By Birgit Vogt Majarek and Stefan Burische.Firm: Schima Mayer Starlinger
The Austrian Federal Administrative Court has recently annulled the first administrative penalty imposed by the Austrian Data Protection Authority based on the new provisions of the GDPR due to procedural irregularities.
In September 2018, the Austrian Data Protection Authority imposed one of the first penalties for unlawfully operating video surveillance based on the GDPR in Europe. In its decision, the Data Protection Authority concluded that a betting shop that used video surveillance was not only filming the direct entrance to the business premises of the shop but also the public parking and traffic areas in front of it, thus going far beyond the area where filming was necessary to achieve the video’s purpose (i.e. protection of property). In addition, the Data Protection Authority claimed that the video surveillance was not suitably disclosed, the statutory maximum storage period of 72 hours for video recordings was not observed and no protocols were kept of the processing operations, leading to a total fine of EUR 4,800 imposed by the Data Protection Authority on the company.
The company appealed against the decision and in its current ruling (dated 19 August 2019) the Austrian Federal Administrative Court annulled the administrative penalty imposed by the Austrian Data Protection Authority due to procedural irregularities.

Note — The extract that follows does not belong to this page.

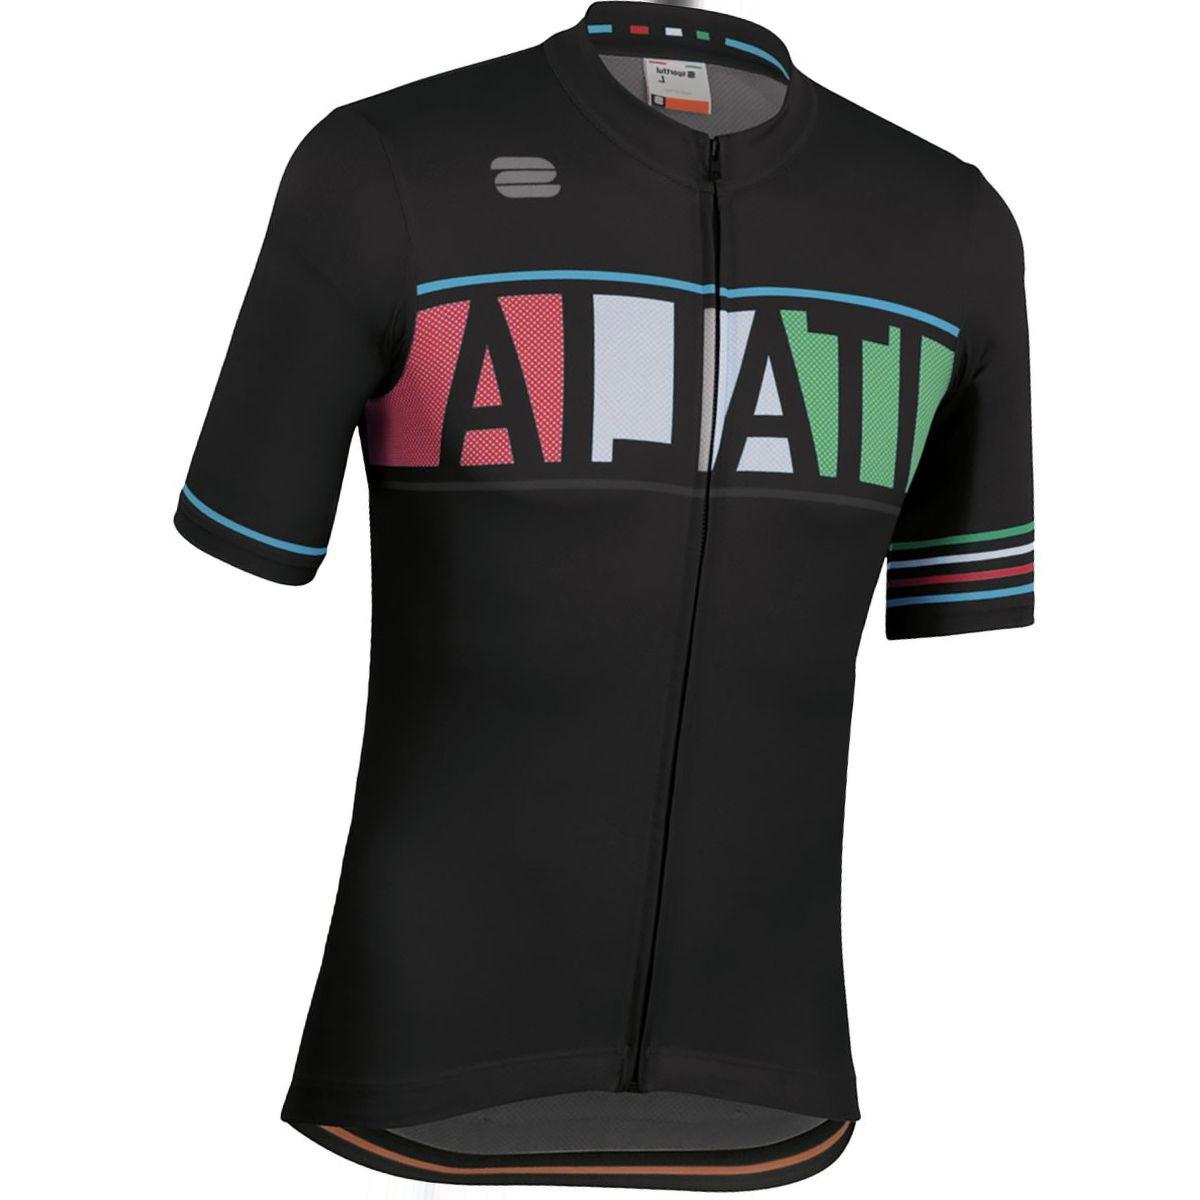 Sportful Italia Short-Sleeve Jersey - Men's

According to Austrian jurisdiction, the Data Protection Authority can impose administrative fines on a legal entity for violations of the GDPR and the Austrian Data Privacy Act respectively, if the violations are committed by individuals who hold a leading position in the legal entity concerned or if the violations are caused by lack of supervision or control by a person in a leadership role. However, neither the decision nor any other procedural act of the Data Protection Authority indicated what behaviour by which individual had led to the infringements and was therefore attributable to the legal entity and could therefore be used as a basis for the administrative fine imposed. As the leading individual required was never named and thus never specified by the Data Protection Authority within the statutory time limits for prosecution, the Federal Administrative Court had to annul the administrative penalty imposed on the company.

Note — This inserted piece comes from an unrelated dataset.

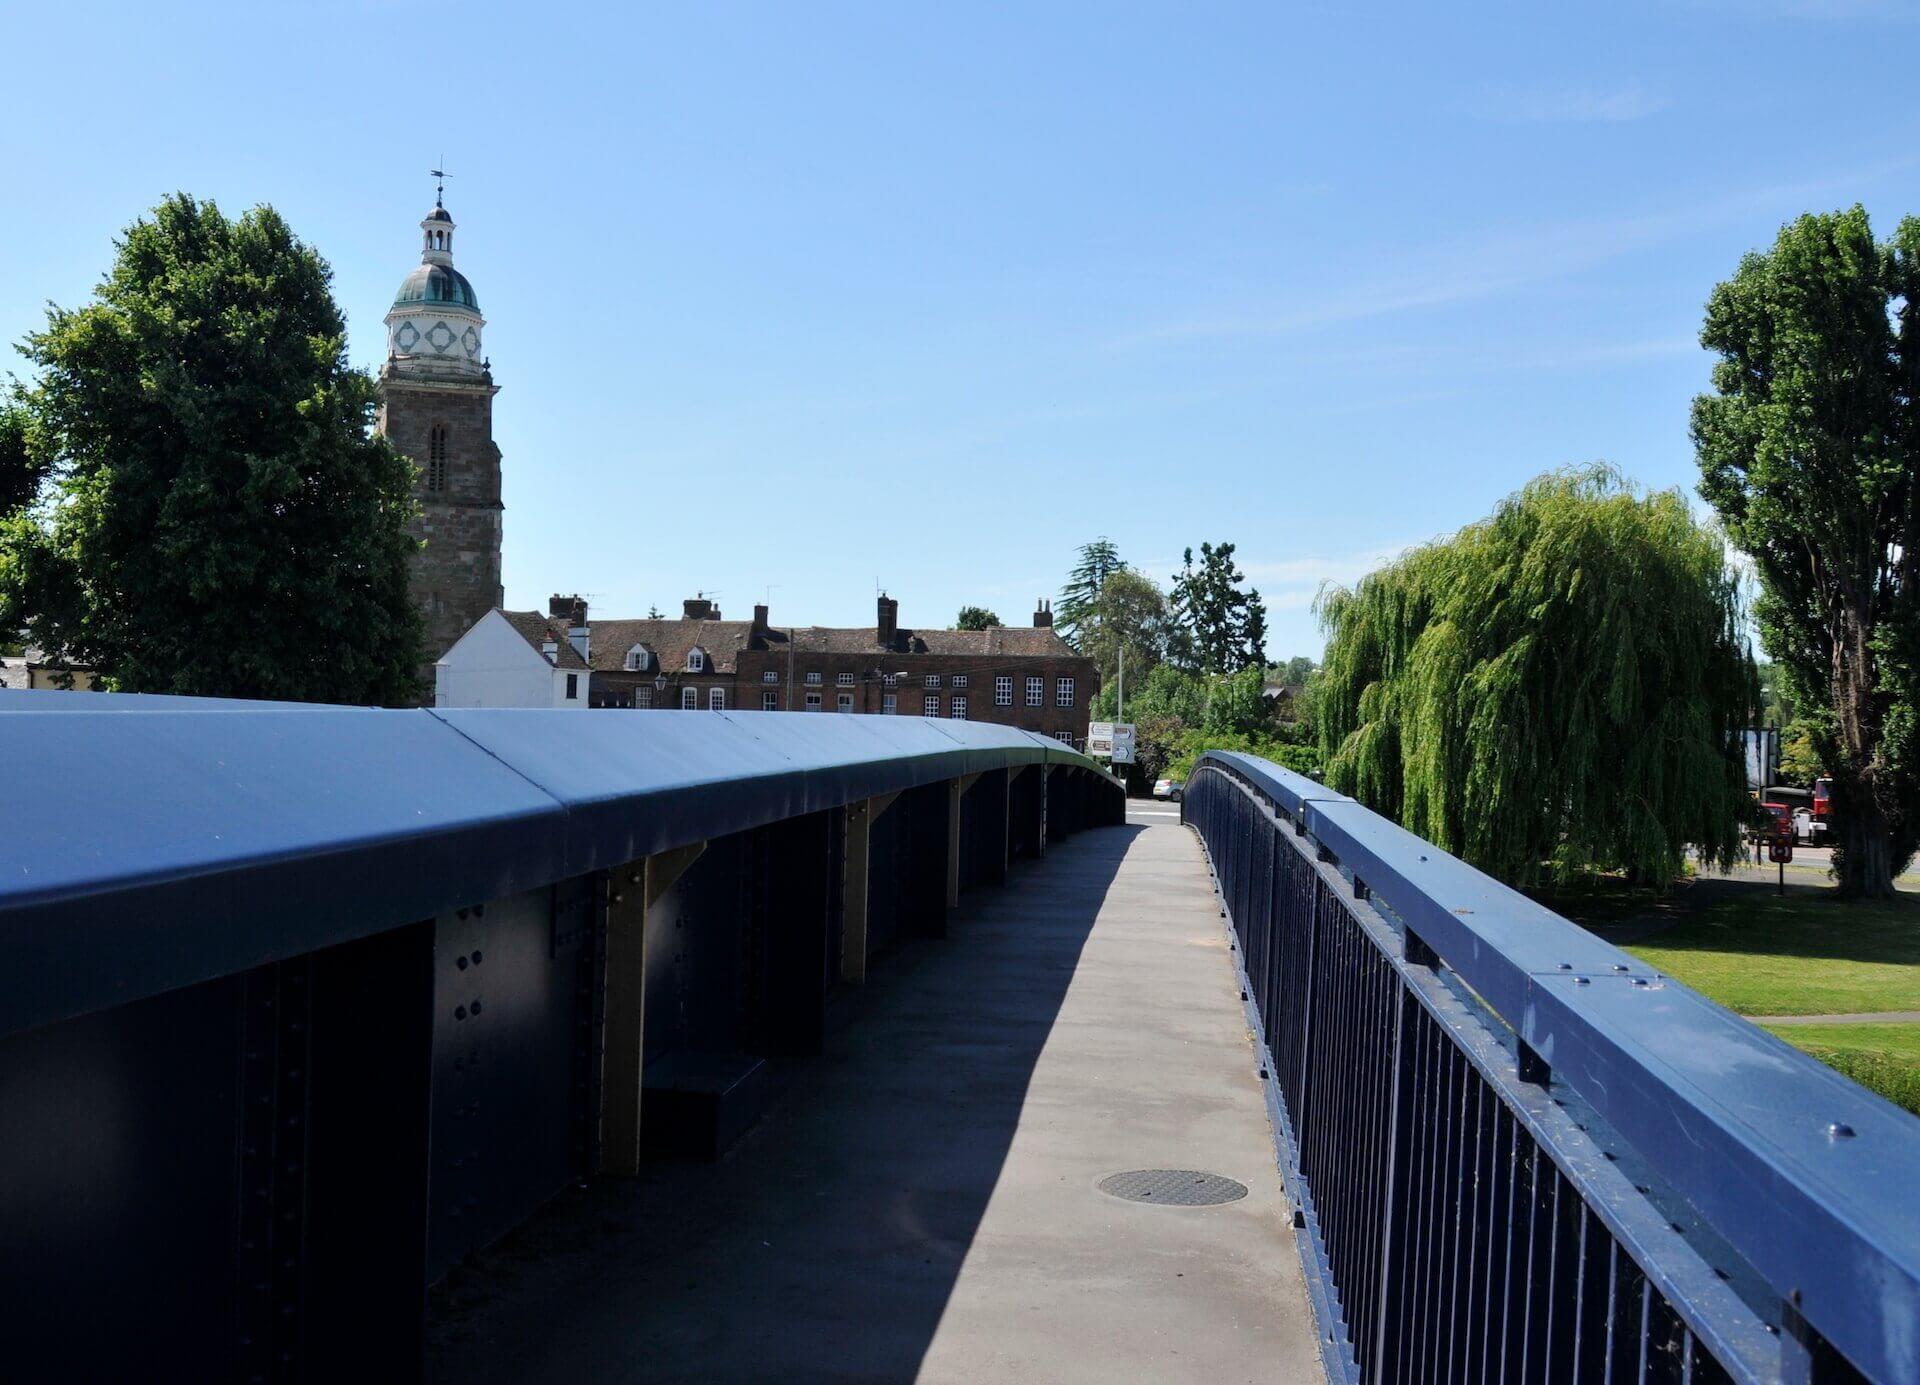 Upton Bridge

Austrian Federal Administrative Court decision which was published recently is of interest since it has the effect of annulling one of the first penalties imposed for unlawfully operating a video surveillance based on the GDPR in Europe. Apart from continued understaffing of the Data Protection authorities given the additional duties created by the entry into force of the GDPR and its implementation into national law, this is probably also due to DPAs’ uncertainties in dealing with the new provisions of the GDPR in the first months after its implementation. Based on the list of decisions issued by the Austrian Data Protection Authority to date, and based on our practice, we believe the Austrian authorities have taken on board the provisions of the GDPR in the meantime.